Abu Ibrahim al-Hashimi al-Qurayshi killed himself and his family after igniting a bomb at the beginning of the operation, according to a senior Pentagon official.
Qurayshi succeeded ISIS founder Abu Bakr al-Baghdadi in 2019 after his demise. When Qurayshi took over the organization, the vast swathes of territory the group controlled – an area larger than the size of the United Kingdom at its peak – had largely vaporized. Observers dubbed him a Caliph without a Caliphate. Yet he sought to reinvigorate the organization.
In recent months, he oversaw a resurgence of ISIS in various parts of Syria, Iraq and Lebanon. Iraq reported an uptick in violence linked to ISIS. In the Kurdish-controlled northeastern part of Syria, the group staged a lethal days-long attempted jail break in a bid to free ISIS members. Hundreds of inmates, including children, died. Scores of Kurdish fighters also perished in the clashes.
In Lebanon, multiple regional and local reports have indicated that the group has been recruiting scores of members from the northern city of Tripoli, one of the areas hardest hit by the country’s devastating economic crisis.
Throughout it all, Qurayshi – who was known by several aliases – kept a low profile, much like his predecessor. The US Rewards for Justice program offered a reward of $10 million for information about him. His history in the organization is also murky. But snippets from interviews with ISIS prisoners paint a picture of a man with a dark past as a member of Baghdadi’s inner-most circle.
Qurayshi became a “religious scholar” with al Qaeda in Iraq, before the group rebranded itself as the Islamic State. In 2014, he “helped drive and justify the abduction, slaughter, and trafficking of the Yazidi religious minority in northwest Iraq,” the Rewards for Justice notice says.
Much of the Yazidi community lived in an area close to what some analysts believe was Qurayshi’s home town of Tal Afar in northern Iraq.

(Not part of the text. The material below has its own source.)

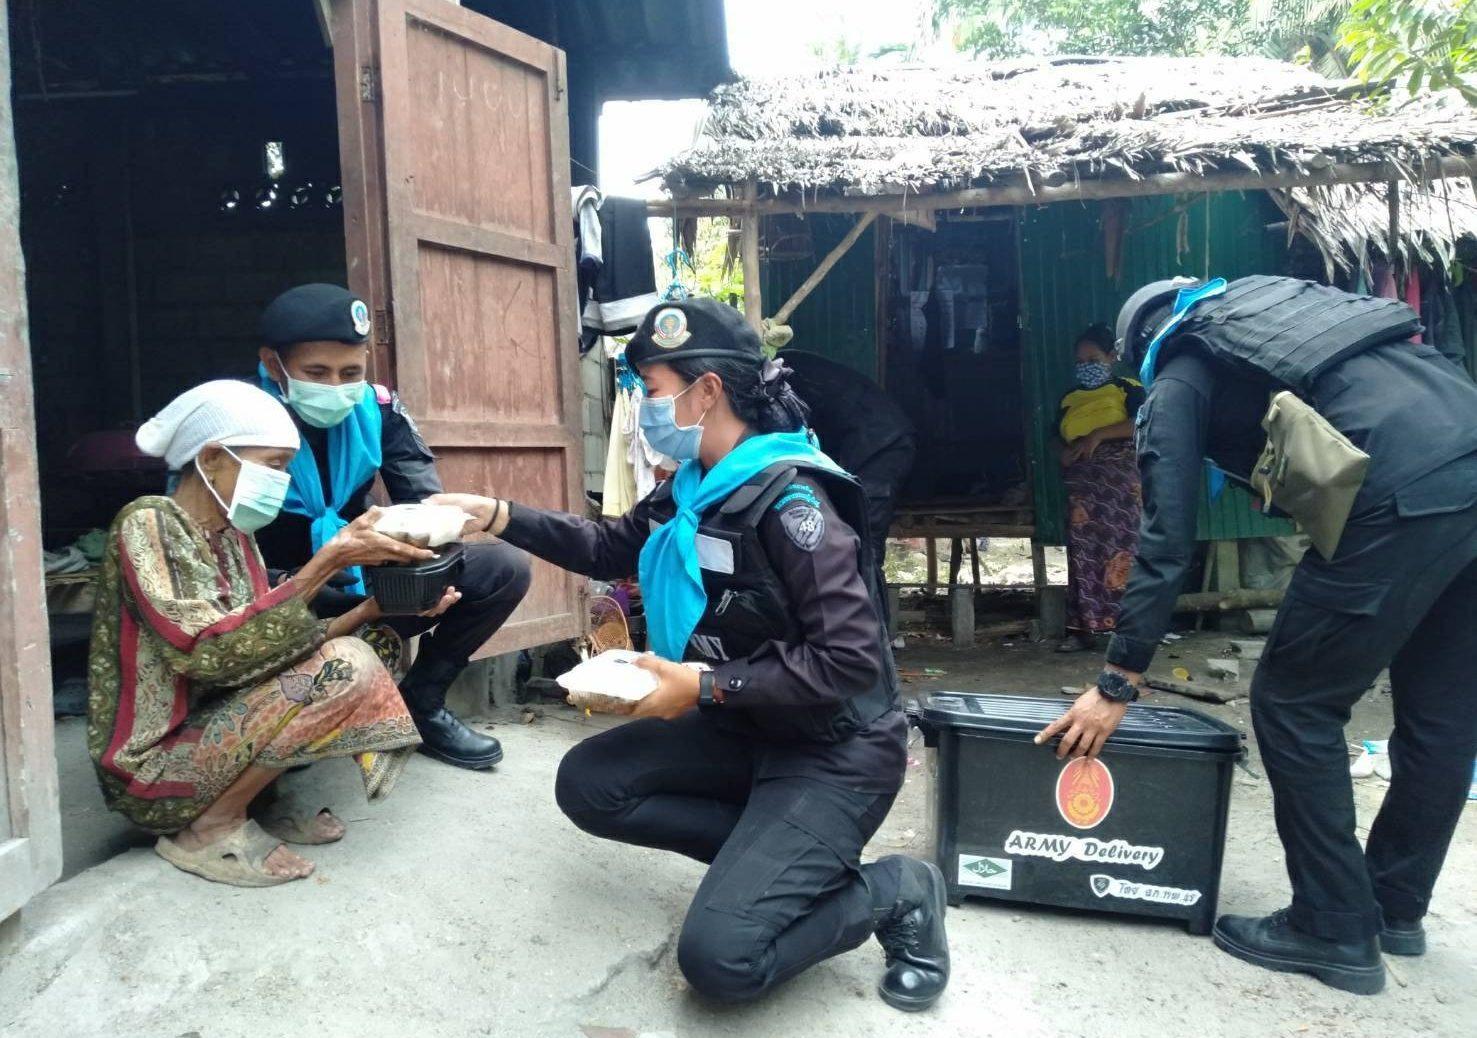 ฉก.ทพ.48 ส่งกำลังพลดิลิเวอรีข้าวกล่อง จัดชุดแพทย์เคลื่อนที่ บริการชาวเจาะไอร้องสู้ภัยโควิด

In 2014, after ISIS had taken Tal Afar and Mosul, the group enslaved thousands of Yazidi women and children and murdered thousands of Yazidi men, in what the United Nations has called a genocide.
The Commission for International Justice and Accountability, an NGO that investigates and gathers evidence of major international crimes such as terrorism, said Qurayshi was “one of the key architects of the Islamic State slave trade in Yazidi women and children.”
“He personally enslaved and raped captive women,” said Nerma Jelacic, the group’s deputy director.
Counter-terrorism expert Daniele Raineri has noted that he was “the deputy who managed to spend the years since 2010 almost totally under the radar.” But when others in the ISIS hierarchy were taken or died in battle, he became one of the group’s leading ideologues.
In a 2018 interview with Saudi-owned al Arabiya, a senior ISIS detainee in Iraq, Ismael al Eithawi called Qurayshi “the most prominent of Baghdadi’s surrounding circle.”
A 2018 internal ISIS document repeatedly describes Qurayshi as “the deputy” to Baghdadi. He died in an operation similar to that which killed Baghdadi. And it is yet unclear if the operation will stem the group’s resurgence or if the cycle of extremist violence will continue undeterred.
ISIS has not acknowledged his death and it’s as yet unclear who may replace him. Few if any of Baghdadi’s inner circle are thought to be still at large.
CNN’s Jomana Karadsheh contributed to this report.